▸ Directions
Quote all of the data that follows exactly as written, skipping the images.

▸ Stored data
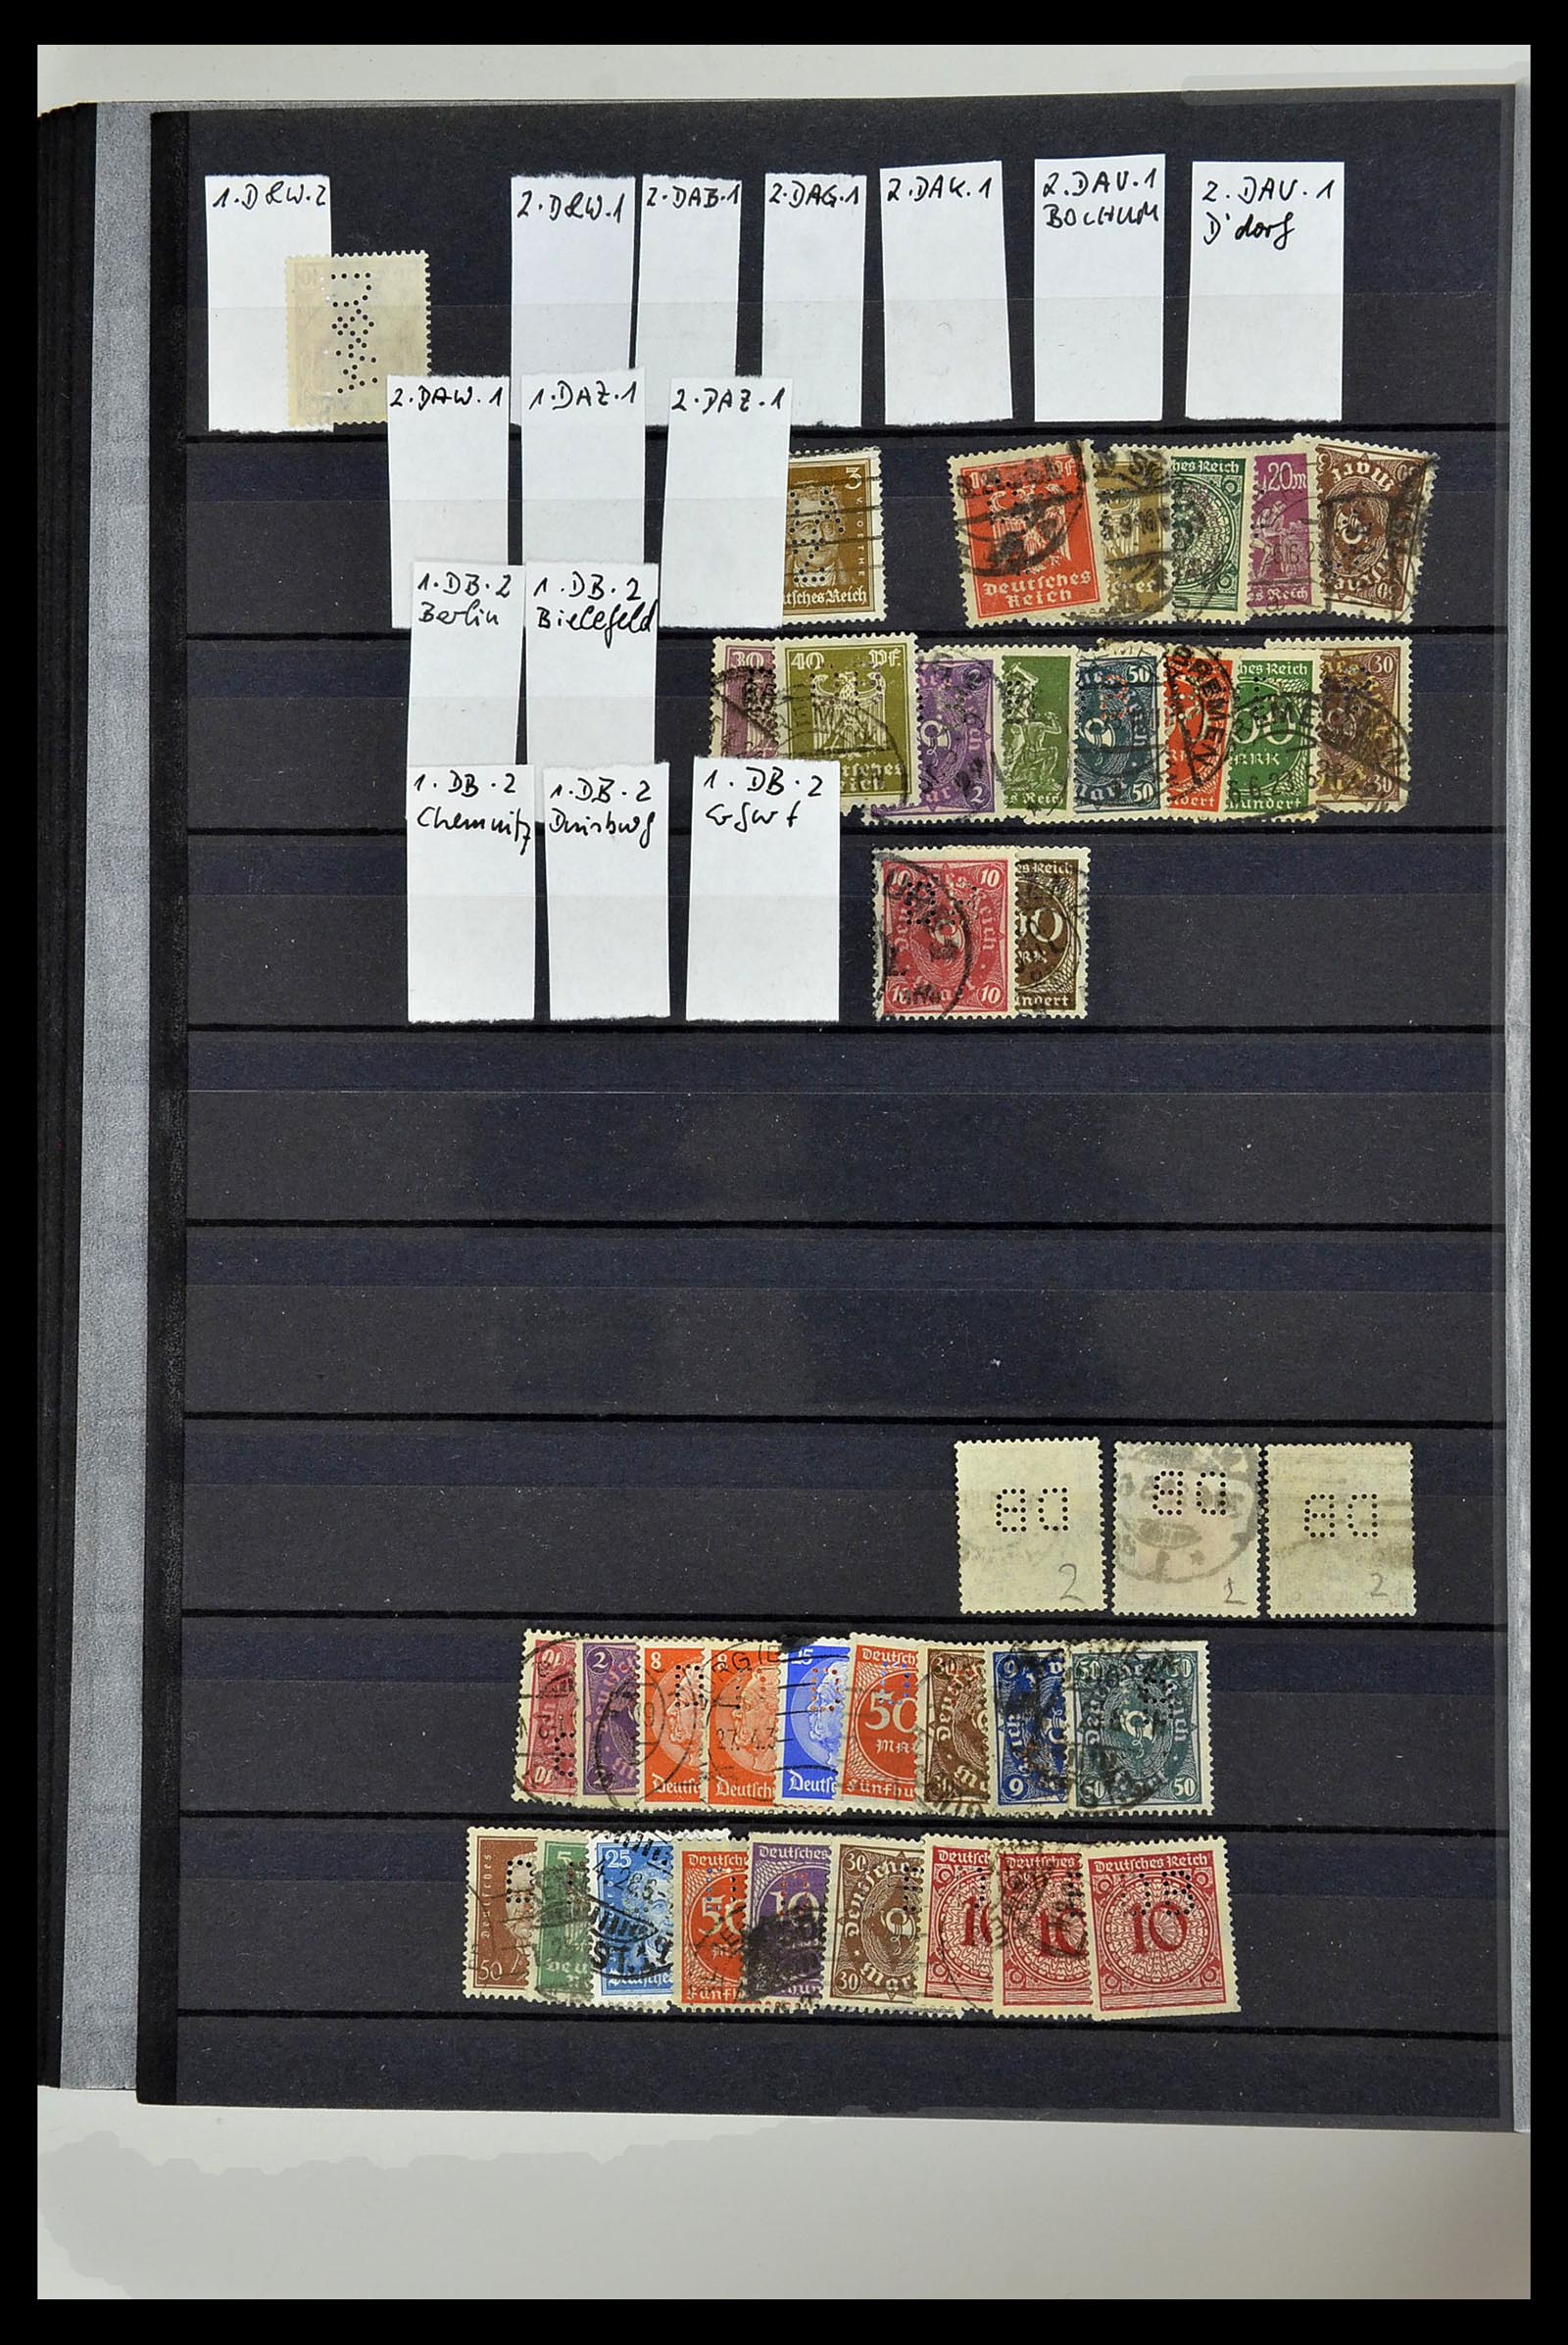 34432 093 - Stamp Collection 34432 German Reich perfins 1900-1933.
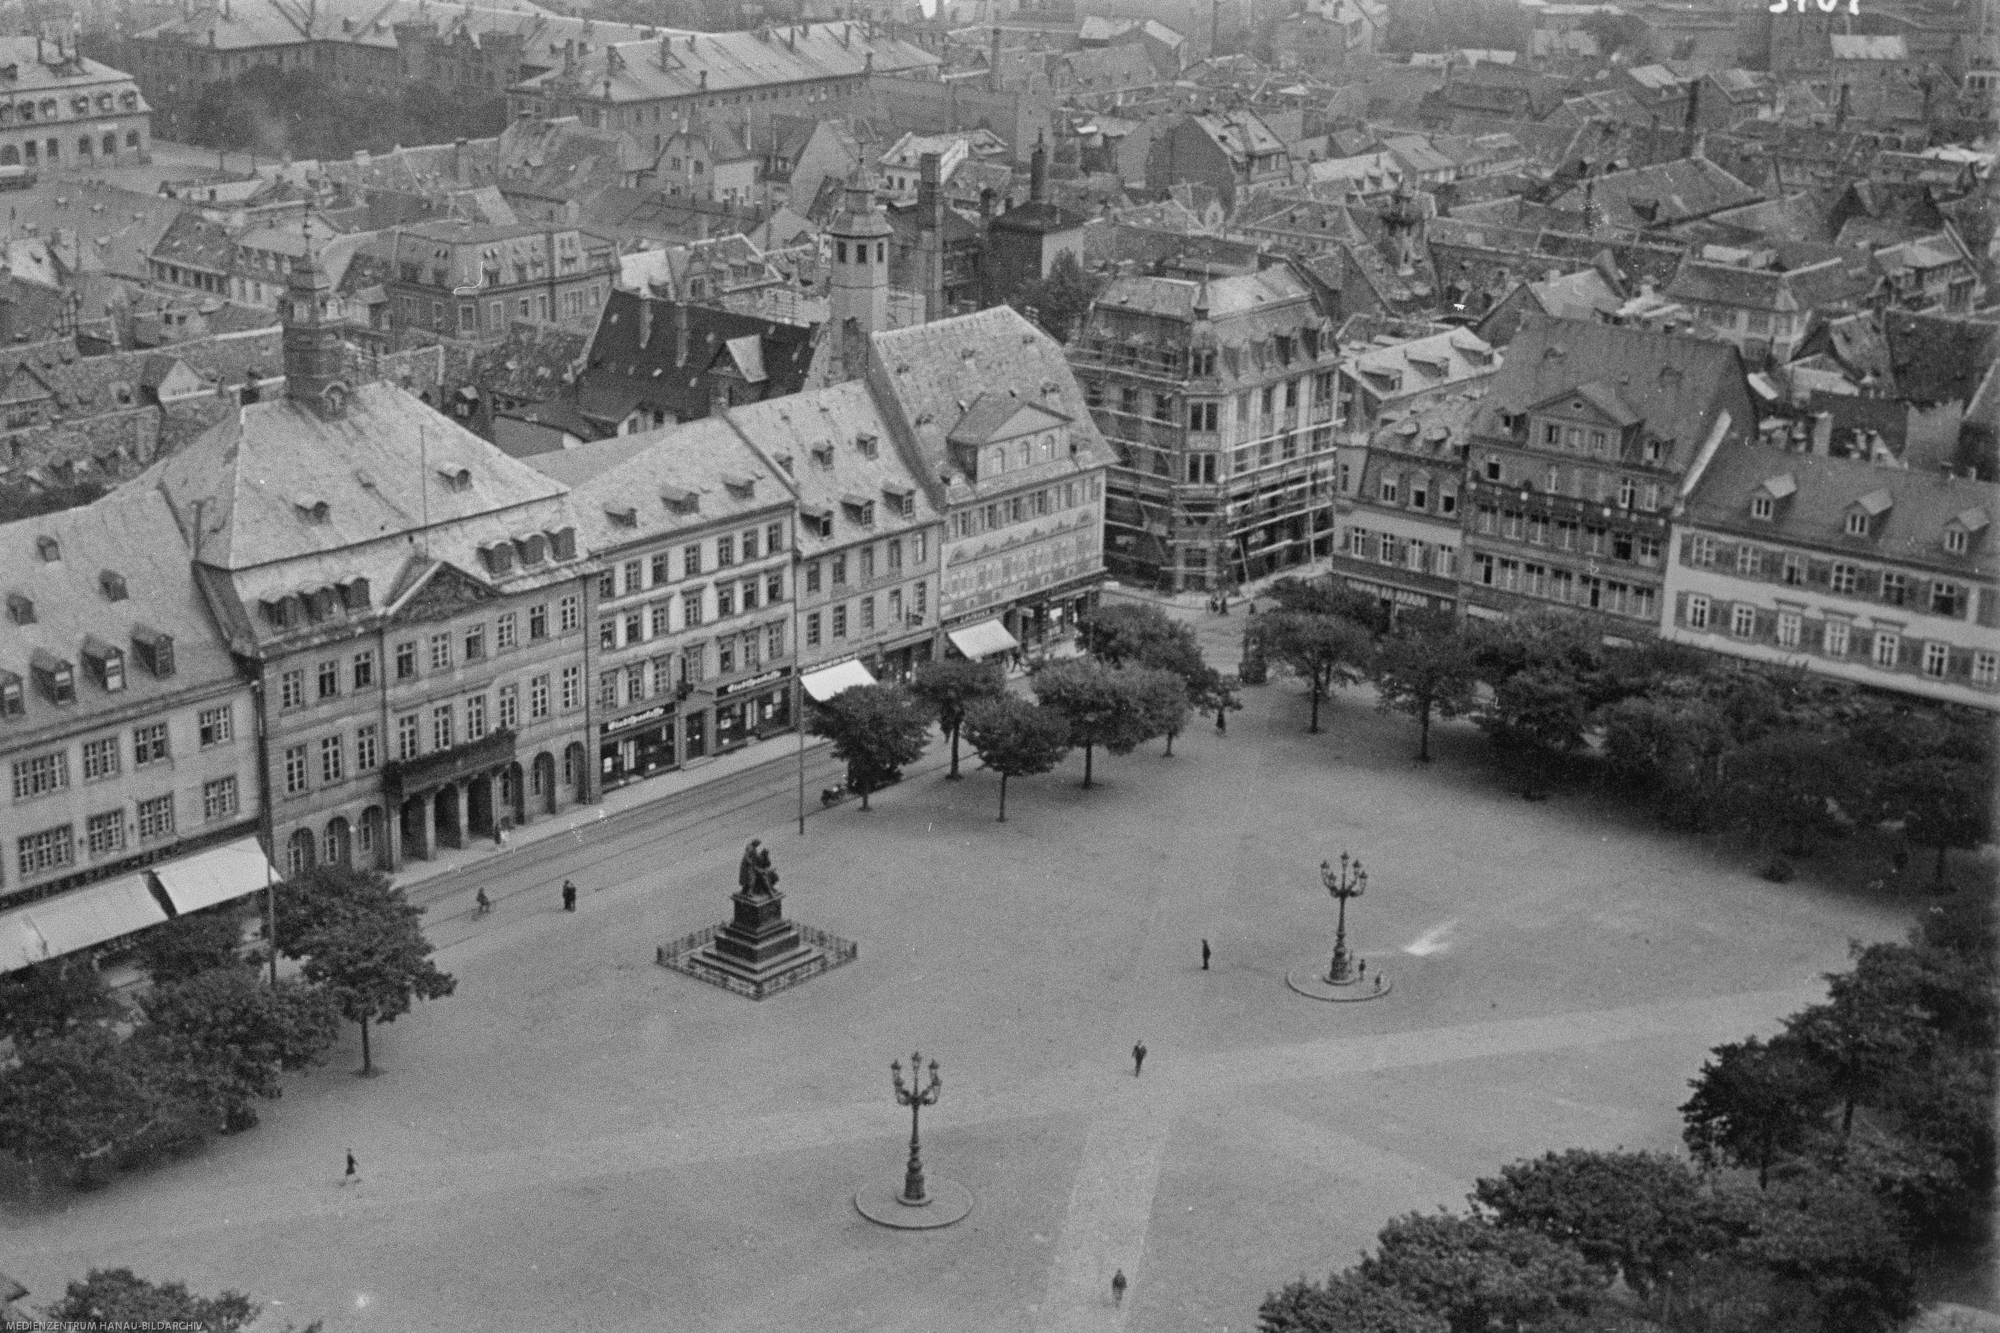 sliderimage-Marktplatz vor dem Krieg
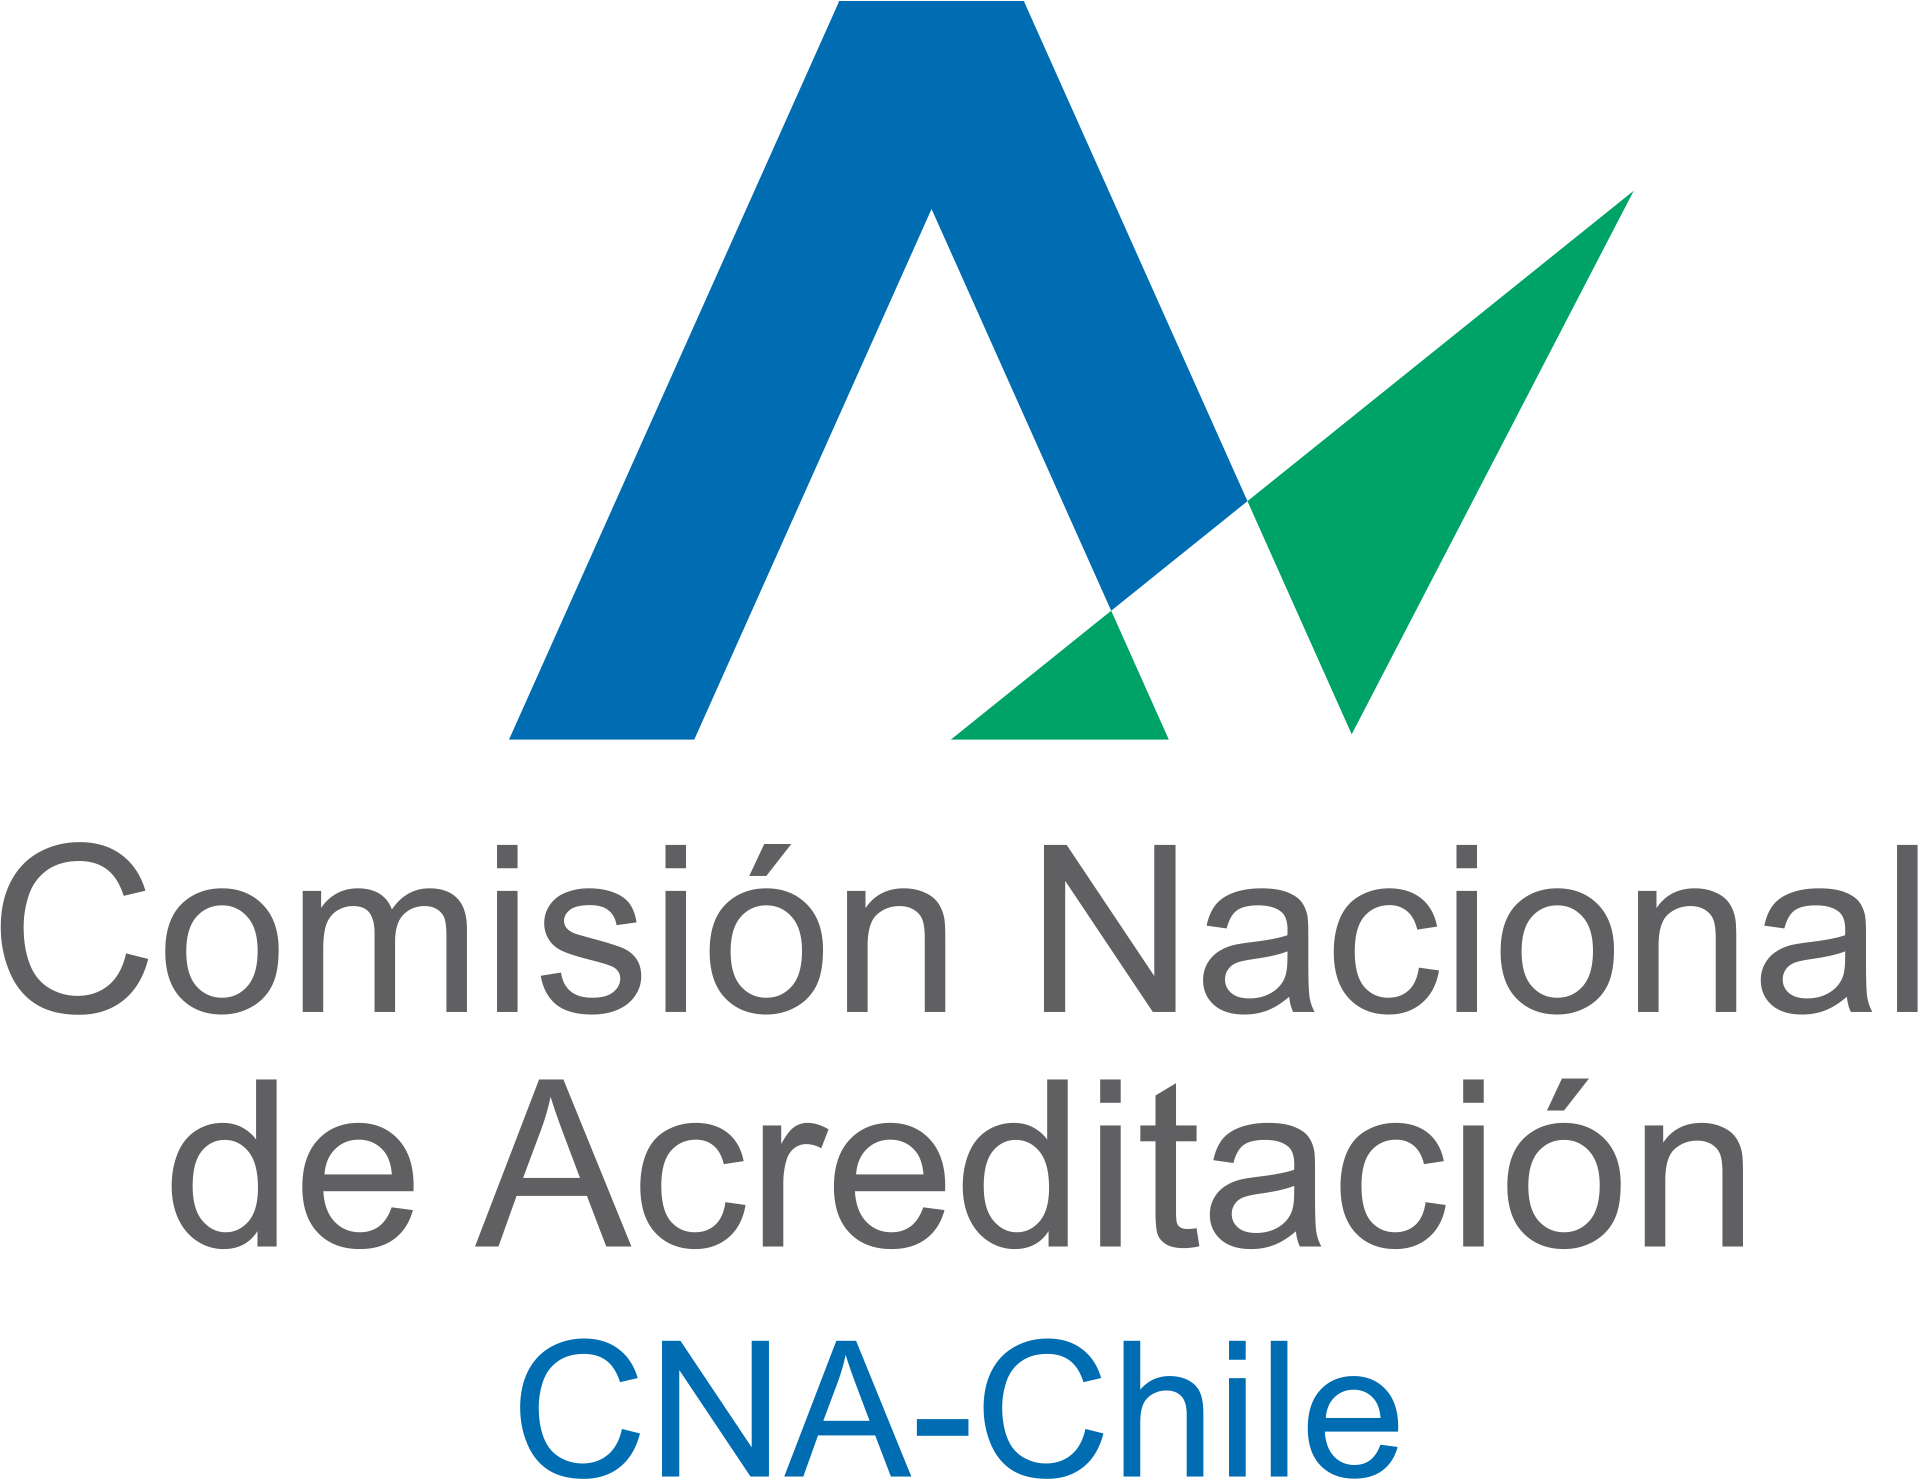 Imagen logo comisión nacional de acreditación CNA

▸ Solution for this task
 34432 093 - Stamp Collection 34432 German Reich perfins 1900-1933.
 sliderimage-Marktplatz vor dem Krieg
 Imagen logo comisión nacional de acreditación CNA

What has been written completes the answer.